Weekly OnCall Rotation
OnCall US Pacific: Leo (leo@harmony.one)
OnCall Asia/EMEA: Soph (soph@harmony.one)
Duration: 11/16 8:30am - 11/23 8:30am PST
Summary
Details
11/16:
- Node OOS: PagerDuty
- Multisig Frontend Down/Up - uptimerobot
- Node OOS: PagerDuty
- Batch remove all ‘latest/*.gz’ from all nodes to free the disk space on the root volume
11/17:
- Beacon out of sync
- Shard 2 signing power at 75% due to S2 DNS nodes all being out of sync. Fixed by adding more DNS nodes.
11/18:
- Beacon out of sync, had to restart to avoid OOM
- Mainnet BTC indexer sync auto resolved
- Updated grafana to start alerting at 85% cpu usage
- Out of sync issue :
- Updated grafana to start alerting at 85% cpu usage
- Upgraded 9 DNS node from c5.large to c5.2xlarge
- Restarted node
- Validator node :
- Memory Usage Alert: PagerDuty
- OOM killer, time to replace nodes (https://github.com/harmony-one/harmony-ops-priv/issues/55 )
11/19:
- Testnet fork issue at block 17732590 fixed by reverting all nodes s1/s2/s3 and s0 explorer node by 1 block
- Memory alert, while pending #55, for now restart of a list nodes …
11/20:
- Disk at 90% : 3 nodes disks were upgraded
All S1/S2/S3 validator nodes are upgraded to r5.xlarge. Old instances will be deleted monday/tuesday.

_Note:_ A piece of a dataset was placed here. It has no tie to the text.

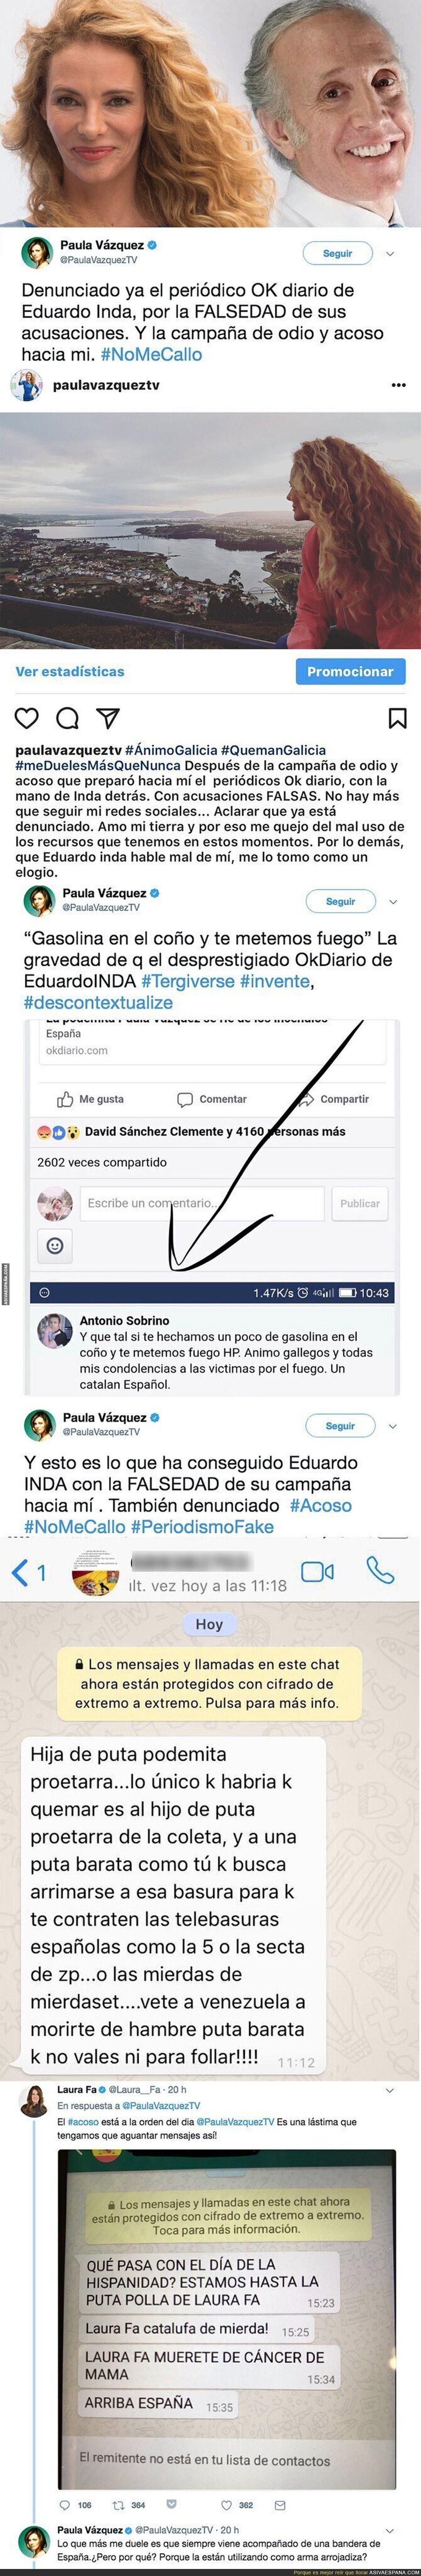 Los mensajes amenazantes que está recibiendo Paula Vázquez por culpa de Eduardo Inda
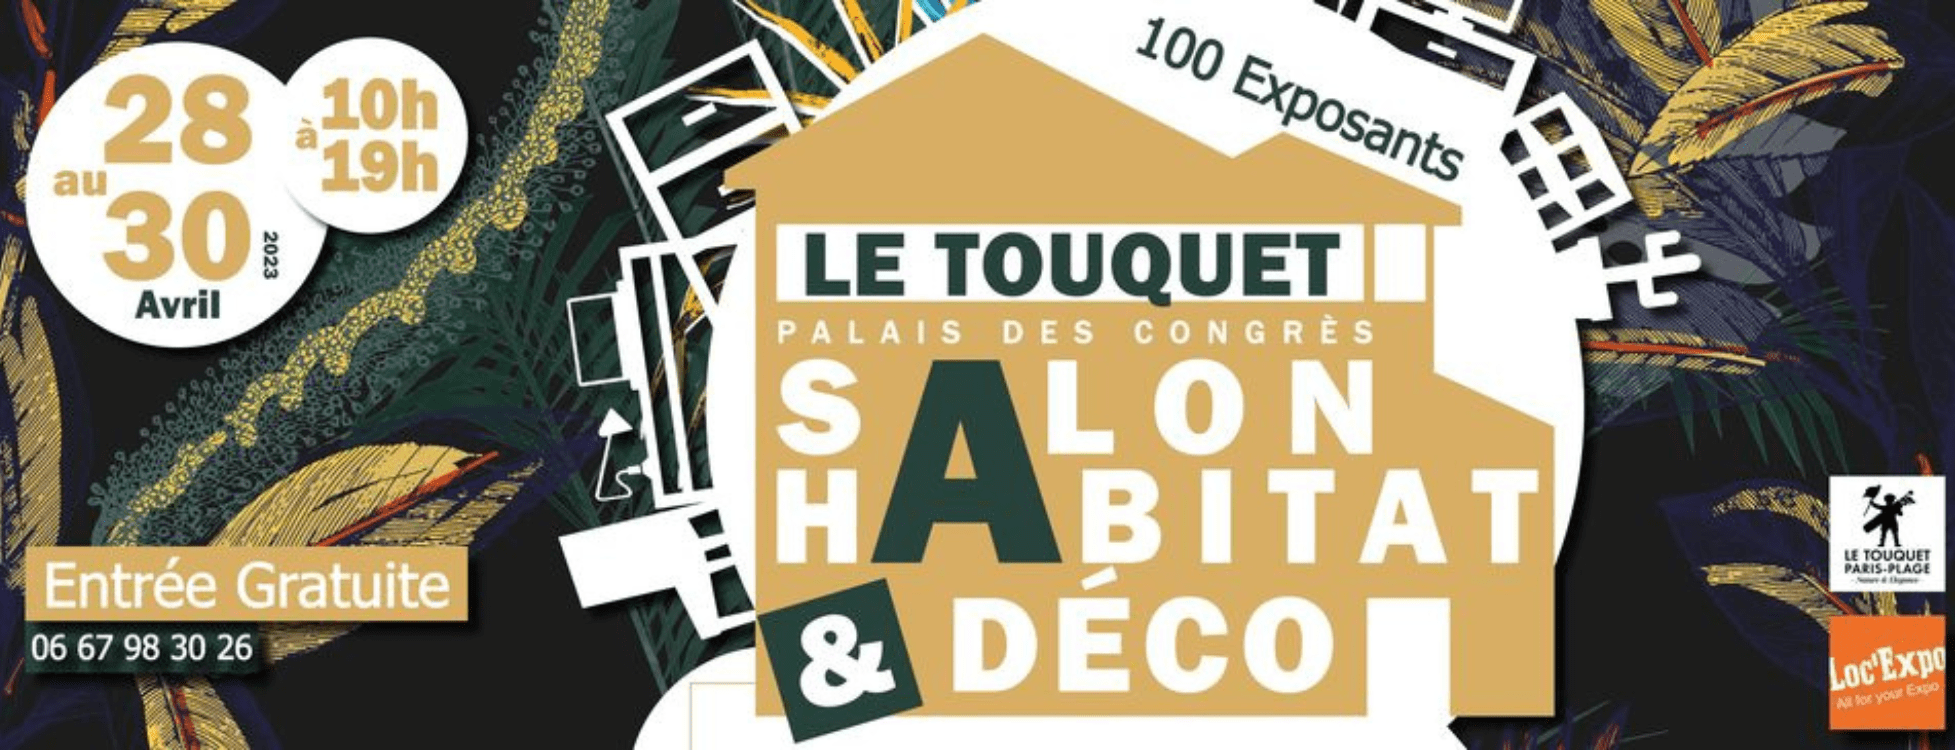 Salon de l'habitat, Le touquet - Combles harnois.fr

- Disk upgrade to 750G: (PagerDuty )
11/21:
- Disk at 90% PD Alerts : two nodes were upgraded to 700GB
11/22:
- One node was stuck. Had to restart the harmony process to unblock it
- Multiple s0 RPC node were in general having constantly 5 ~ 20 blocks delays
Those were mainly due to
- The previous stuck node that was lagging behind
- One of the api websocket node was constantly behind
- Screenshot node was still syncing due to daily snapshot occurrence a few hours before
- Asian node all had cpu usage varying between 5% ~ 30% (same zig zag pattern when we had the RPC issue 2-3 weeks ago)
After a while it would eventually go back to normal leaving only the previous stuck node behind :
Unique Blocks: [19669427 19662283]
- Multiple disks at 90%, true-up across all S0 nodes all are now below 70%. Only the snapshot node needs separate work.
Note : Websocket node has been for the past few days always a bit behind 1 ~ 10 blocks, Jack was following on that and did some changes on the target group
Impact on Nov 21 vs. back in Nov 11
11/23:
- 2 s0 RPC node were stuck with no apparent reason, created : Mainnet S0 node got stuck · Issue #3941 · harmony-one/harmony · GitHub
Takeaways:
- Whenever received single alert/alarm, check on similar instances, such as OOS, OOM.
- Testnet bridge alerts and explorer-api-websockets are not being auto-resolved.
- Shard 0 pruned DB is getting bigger and bigger